Mid-term follow-up (six months, ATAD versus placebo)
ATAD may improve health-related quality of life, assessed with Sino-Nasal Outcome Test (SNOT) scores (mean difference (MD) −0.54, 95% confidence interval (CI) −0.76 to −0.31; 3 studies, 85 participants; minimum clinically important difference (MCID) 9.0 points for total score; low-certainty evidence). In this analysis, SNOT-22 scores were divided by 22 and SNOT-20 scores were divided by 20. The mean reduction (11.9 points) in SNOT score (based on SNOT-22) is larger than the MCID.
It is uncertain if asthma control may be improved after ATAD. Asthma control was measured using the Asthma Control Test (ACT) in one study and the Asthma Control Questionnaire (ACQ) in another study, so data were not pooled. The MD on the ACQ was −2.00 (total score 0 to 6) (95% CI −4.30 to 0.30; 1 study, 15 participants; MCID 0.5 points; very low-certainty evidence). The MD on the ACT was 5.90 (total score 5 to 25) (95% CI 2.93 to 8.87; 1 study, 30 participants; MCID 3 points; very low-certainty evidence).
All but one study reported on adverse events.
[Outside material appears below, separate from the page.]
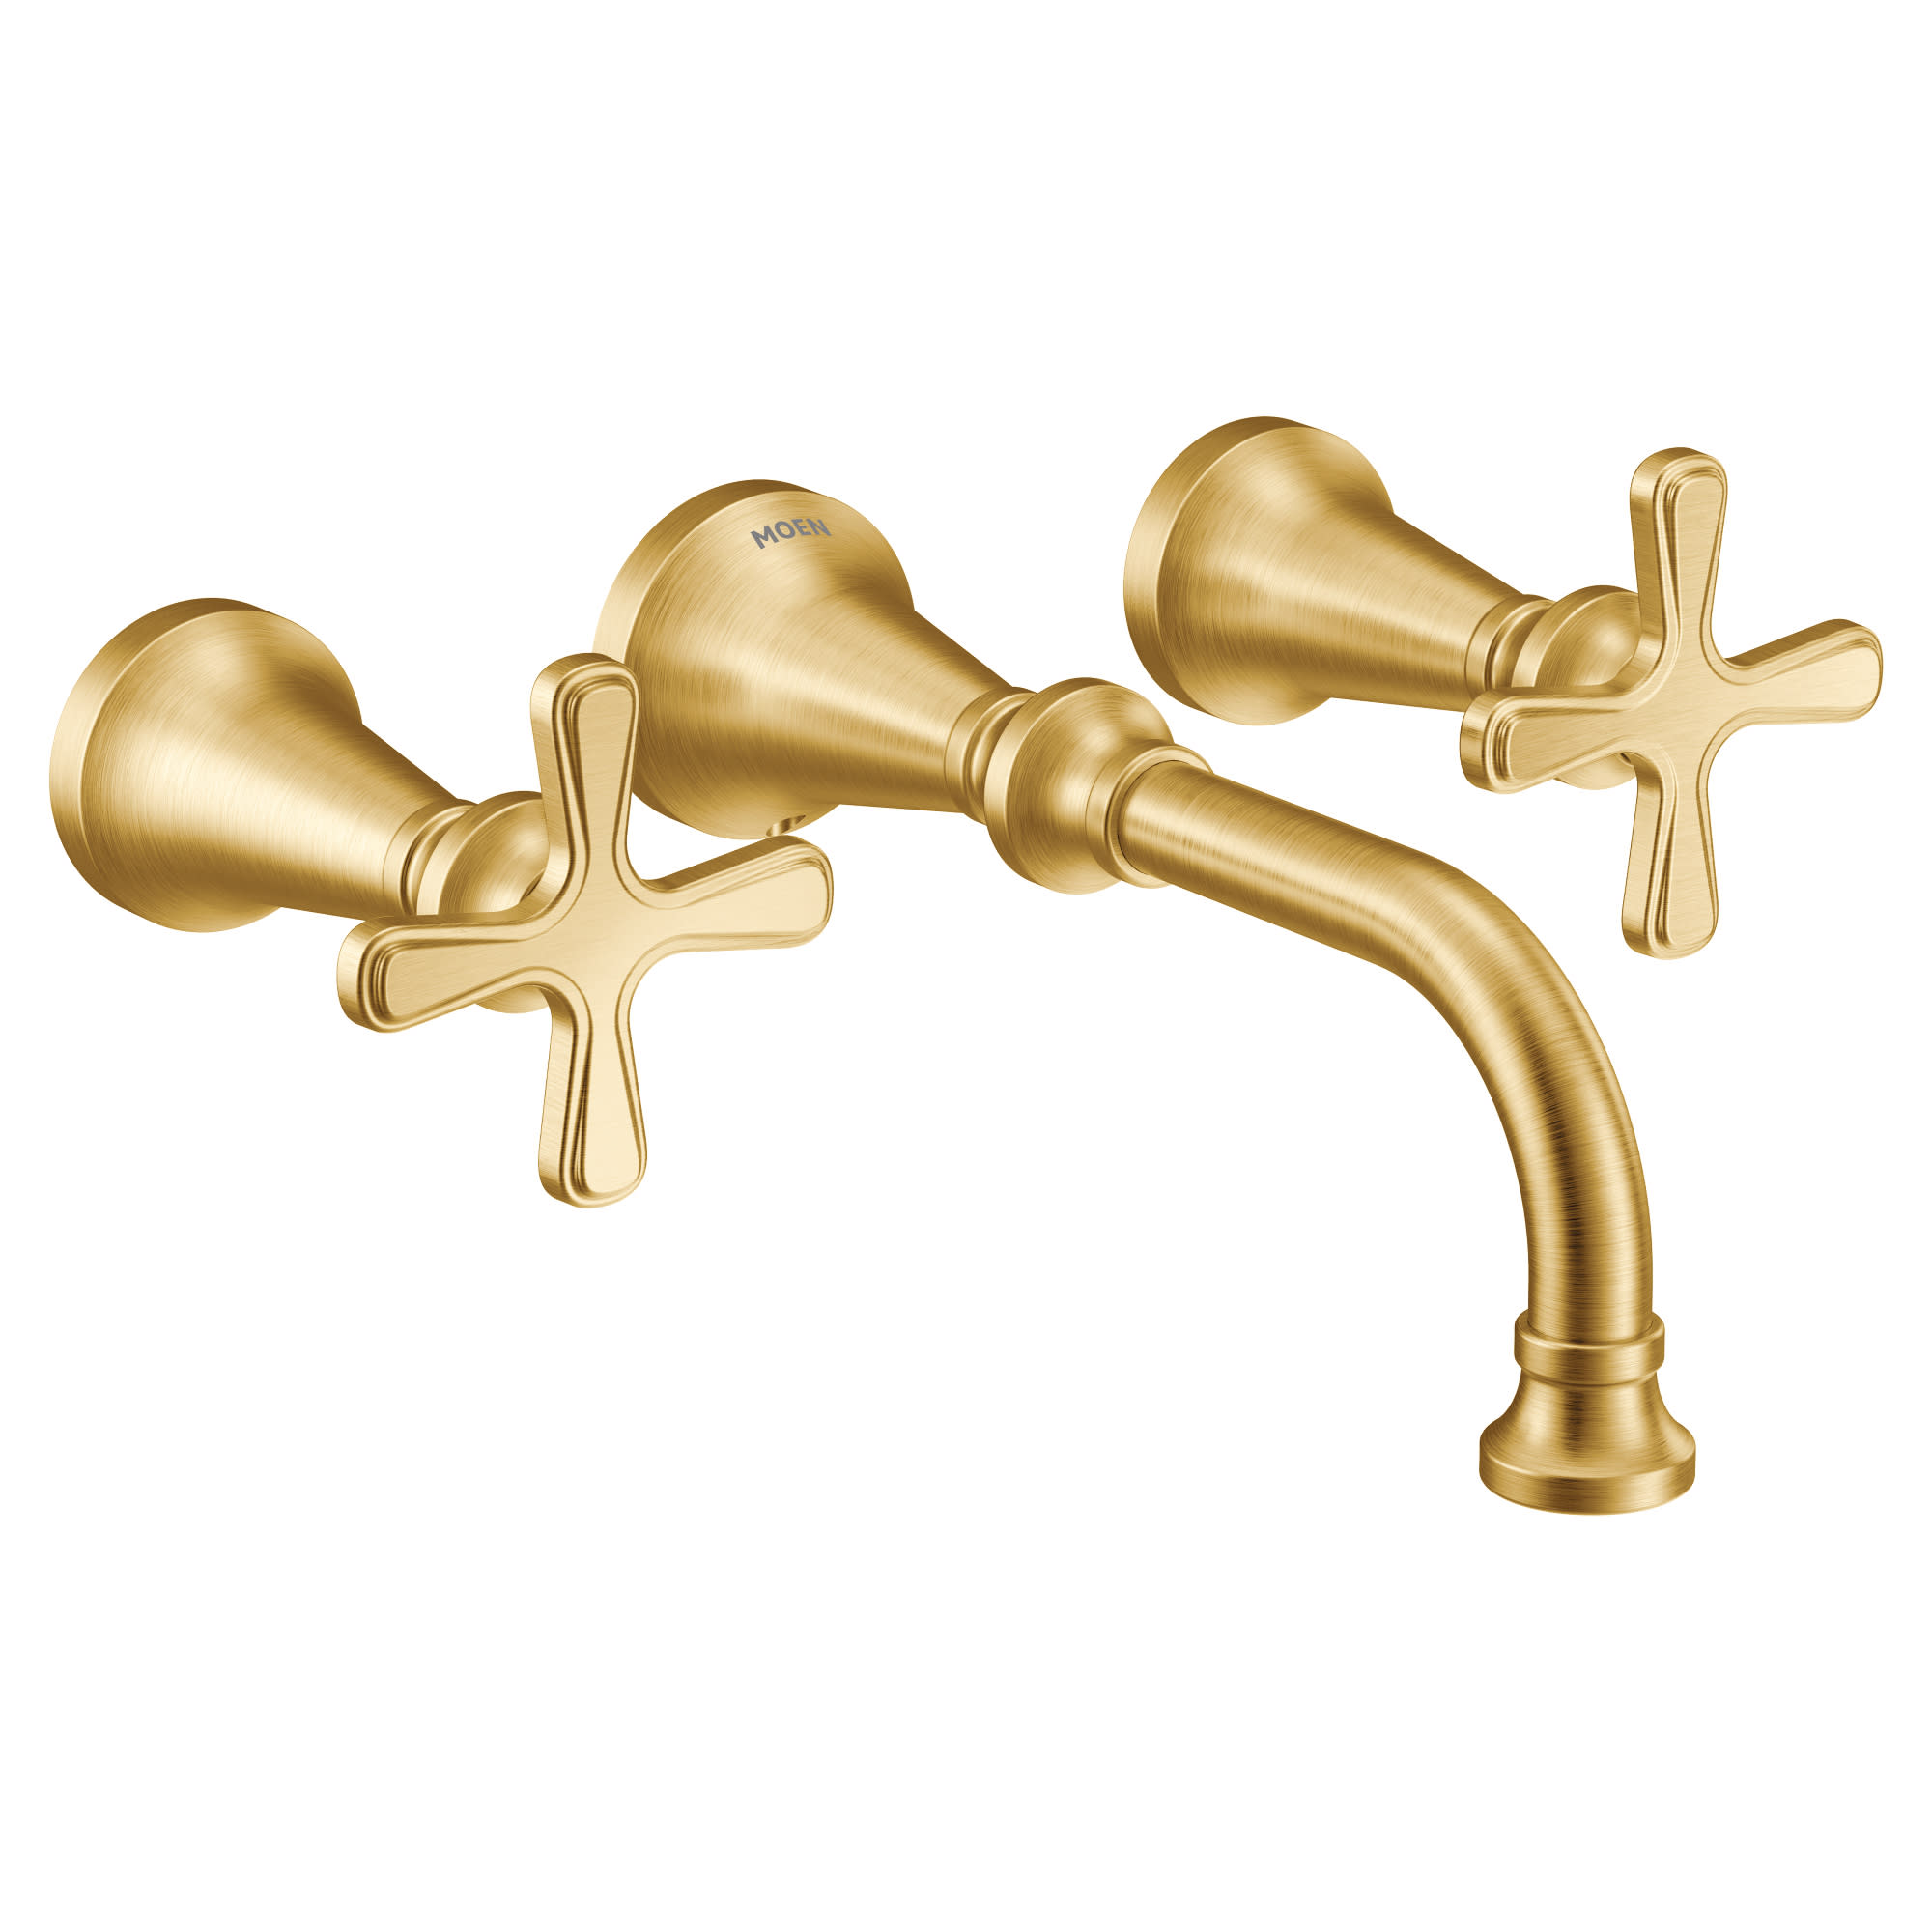 Moen Ts44105 Colinet 1.2 GPM Wall Mounted Widespread Bathroom Faucet - Gold - image 1 of 7

Seven participants in the active treatment group developed a gastrointestinal disorder and dropped out (129 participants, very low-certainty evidence).
We are uncertain of the effect of ATAD on nasal airflow, measured by peak nasal inspiratory flow scores (MD 32.90 L/min, 95% CI −12.44 to 78.24; 1 study, 15 participants; very low-certainty evidence).
It is uncertain if the dosage of intranasal or inhaled corticosteroids may be reduced with ATAD (inhaled corticosteroids: −1197.60 µg, 95% CI −1744.93 to −650.27; intranasal corticosteroids: −120.50 µg, 95% CI −206.49 to −34.51; 1 study; 15 participants; very low-certainty evidence).
Symptom scores may not differ between ATAD and placebo, but the evidence is very uncertain (sneezing: MD −0.70, 95% CI −1.45 to 0.05; smell: MD −2.20, 95% CI −4.74 to 0.34; nasal blockage: MD −0.90, 95% CI −1.90 to 0.10; 1 study, very low-certainty evidence).
No study assessed nasal endoscopy at this time point.
Long-term follow-up (36 months, ATAD versus placebo)
ATAD may improve quality of life, as measured with the Rhinosinusitis Disability Index (RSDI) score (MD−18.10, 95% CI −32.82 to −3.38; 1 study; 31 participants; low-certainty evidence).
ATAD may result in little to no difference in the size of nasal polyps (MD −1.20, 95% CI −2.72 to 0.32; 1 study, 31 participants; very low-certainty evidence).
No adverse events were reported in either group over the total study period of 36 months (1 study; 31 participants; very low-certainty evidence).
Data on peak nasal inspiratory flow, changes in dosage of inhalation or intranasal corticosteroids and symptom scores were not reported at this time point.